**Work order**
In the data below, locate the line containing "Crestron SmarTouch STX-1700CXP" and the line containing "How to Draw Shiny Mewtwo, Pokemon Go", then retype both and everything between them exactly. Pictures are not part of the copy.

**Information supplied**
====

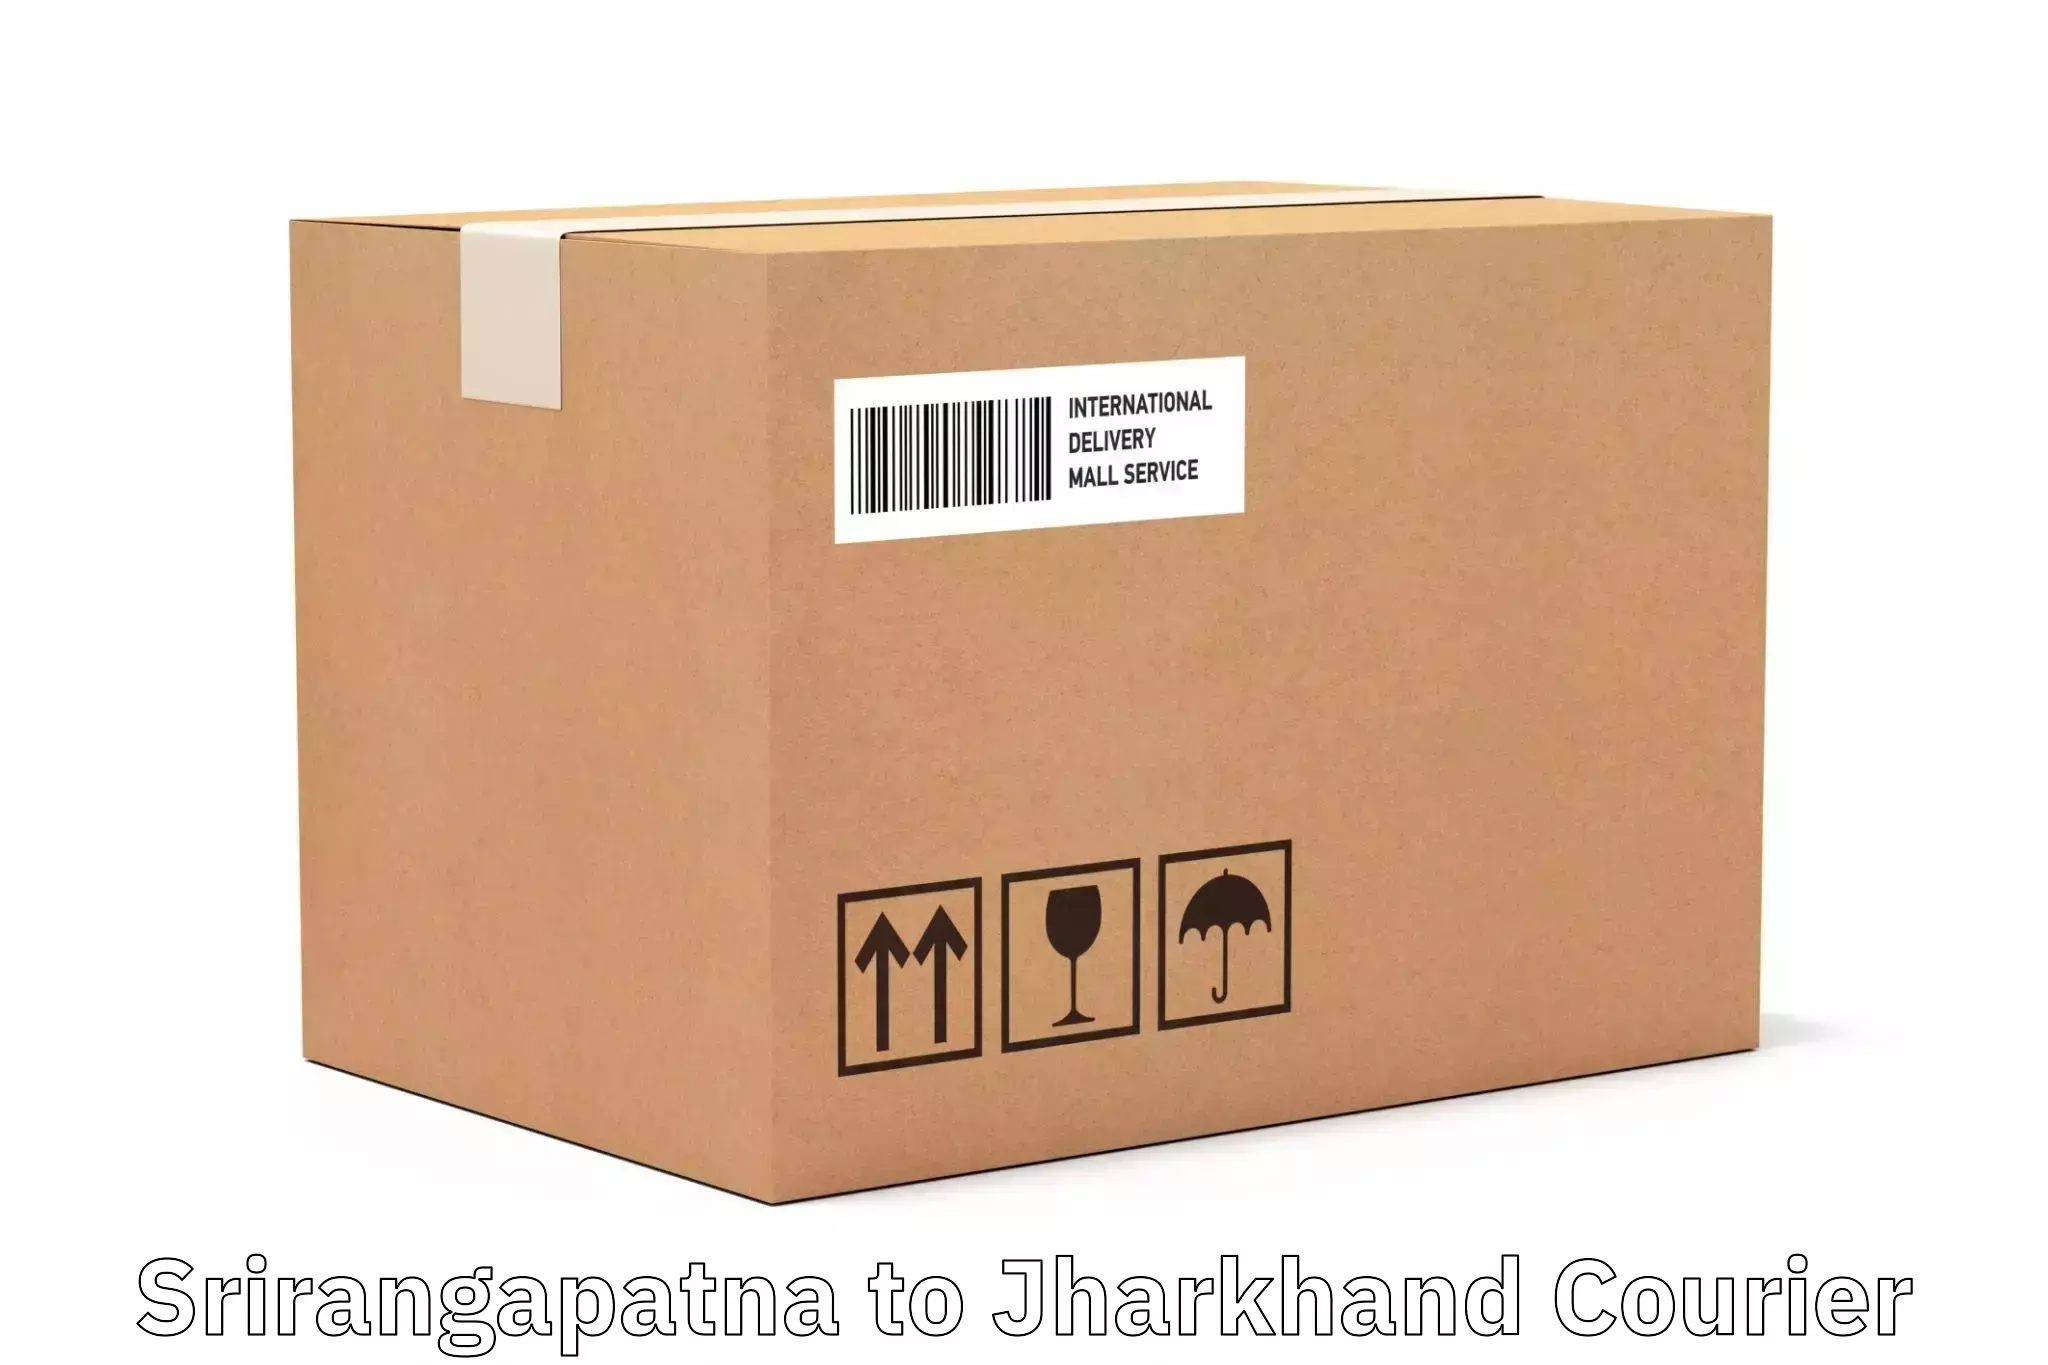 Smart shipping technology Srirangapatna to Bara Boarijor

====

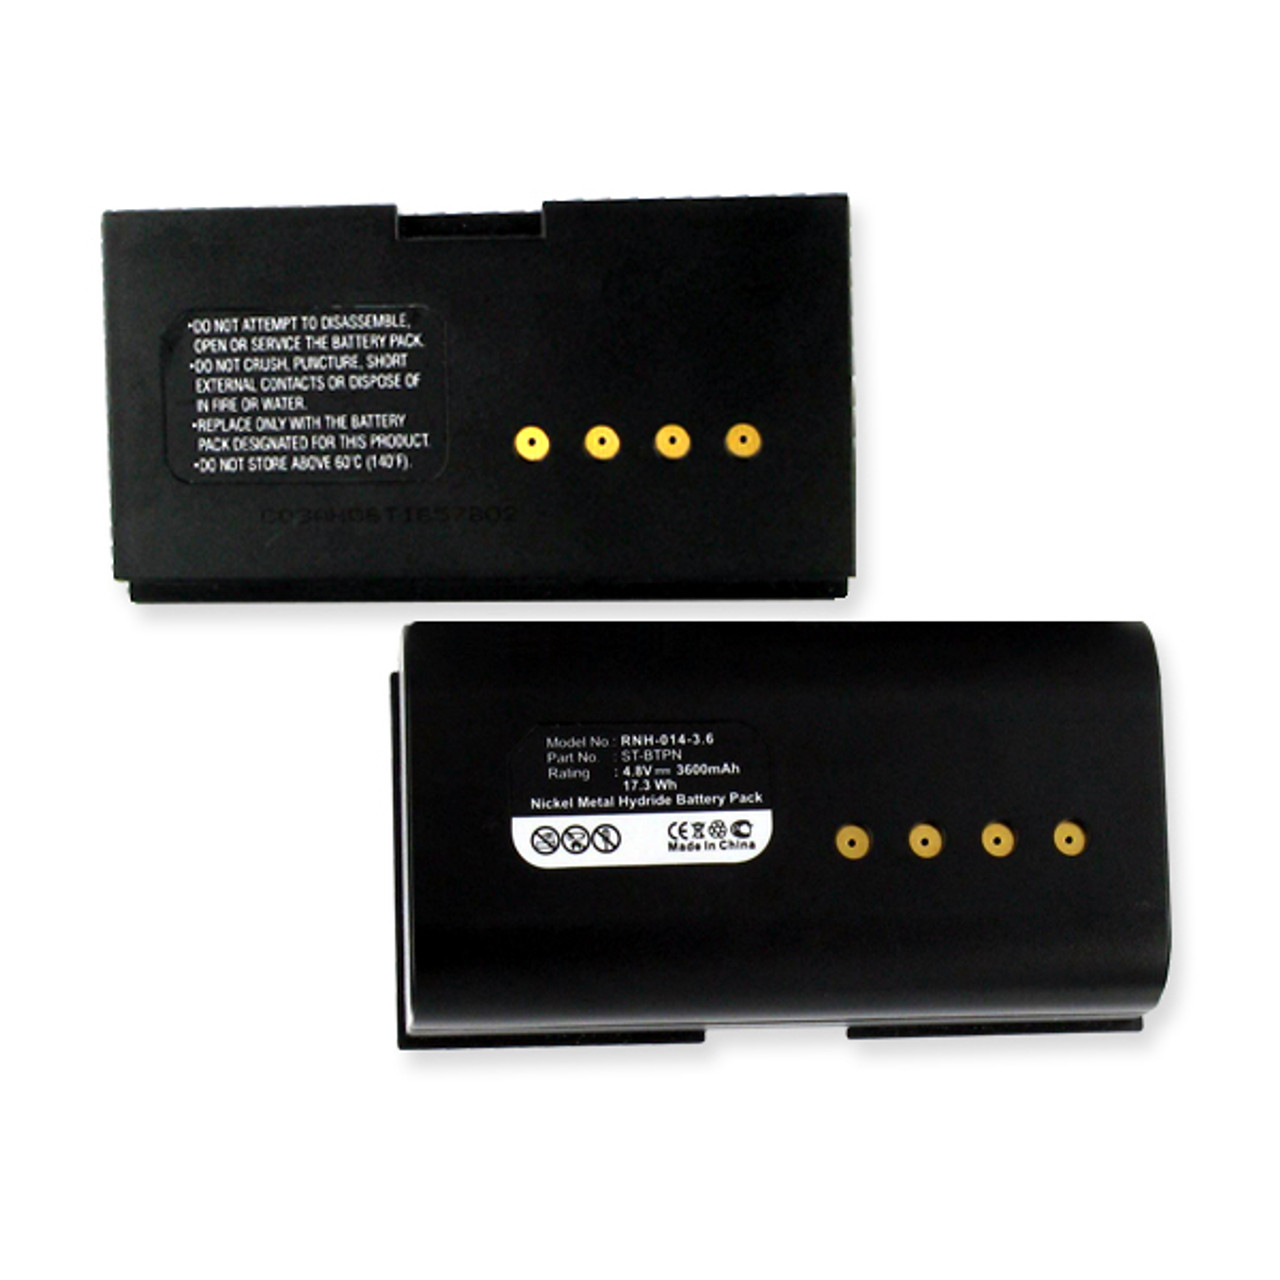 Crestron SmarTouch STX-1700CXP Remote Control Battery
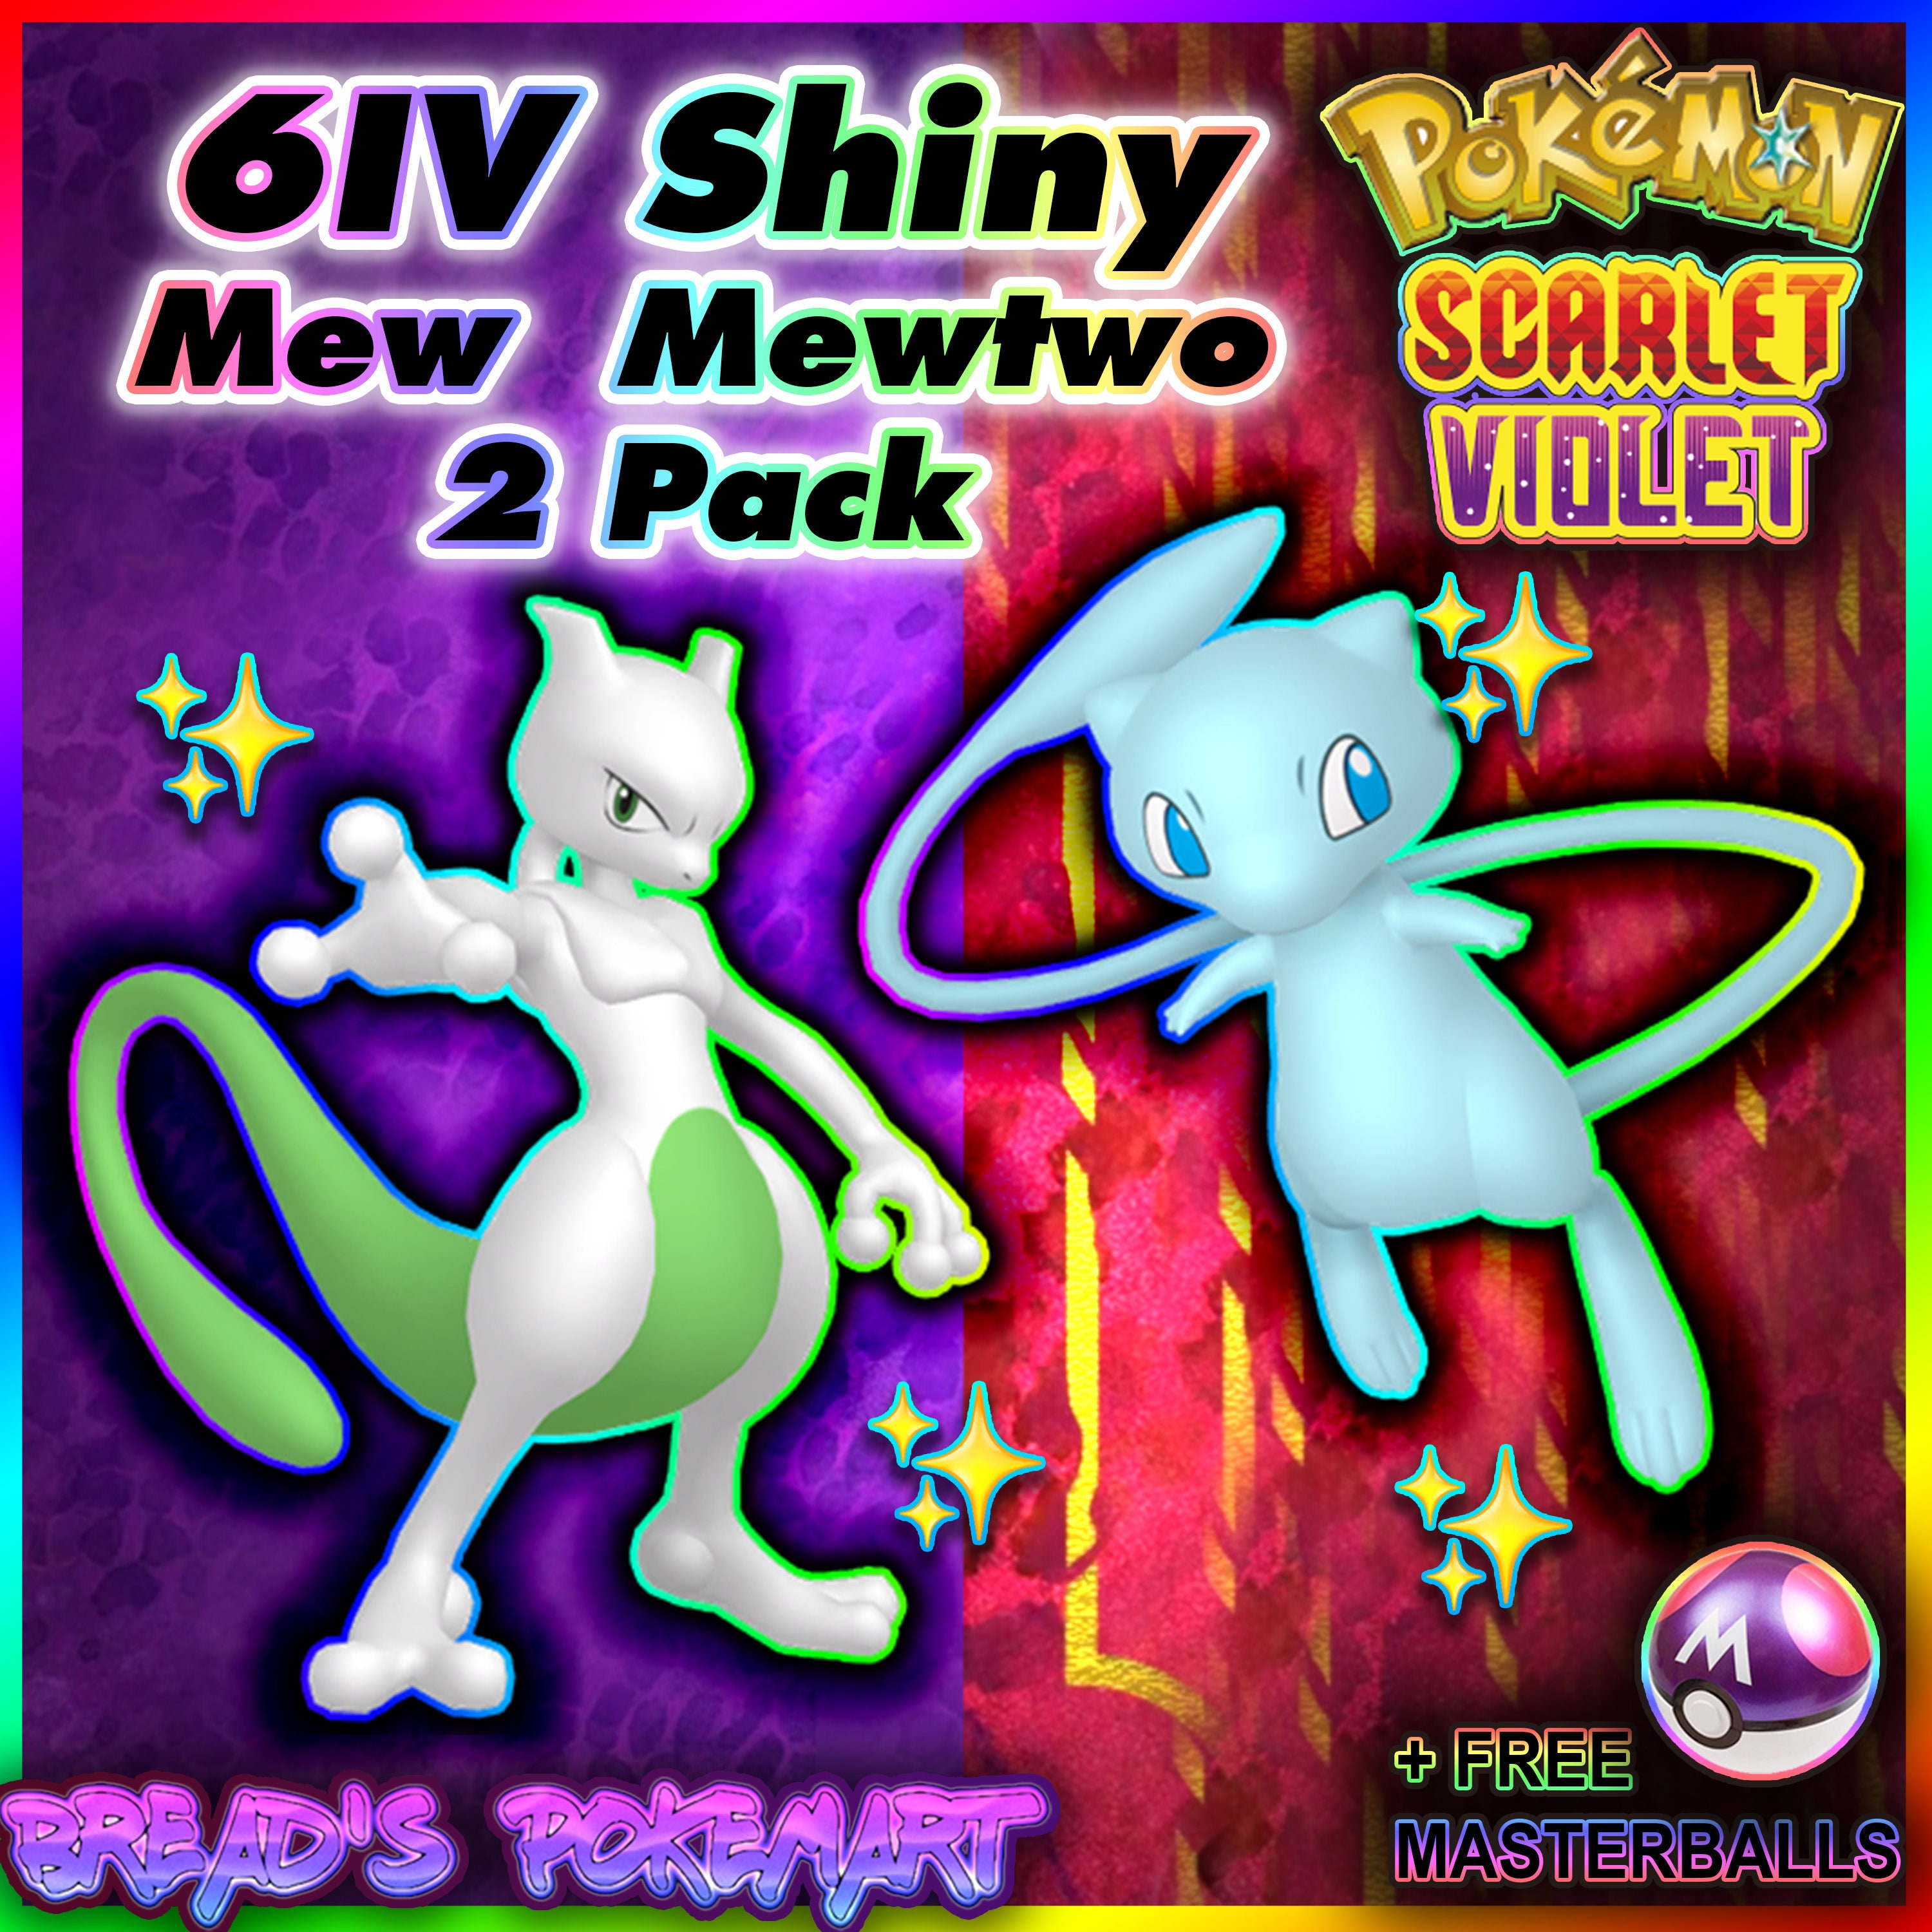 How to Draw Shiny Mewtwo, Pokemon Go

====

**Answer to this exercise**
 Crestron SmarTouch STX-1700CXP Remote Control Battery
 How to Draw Shiny Mewtwo, Pokemon Go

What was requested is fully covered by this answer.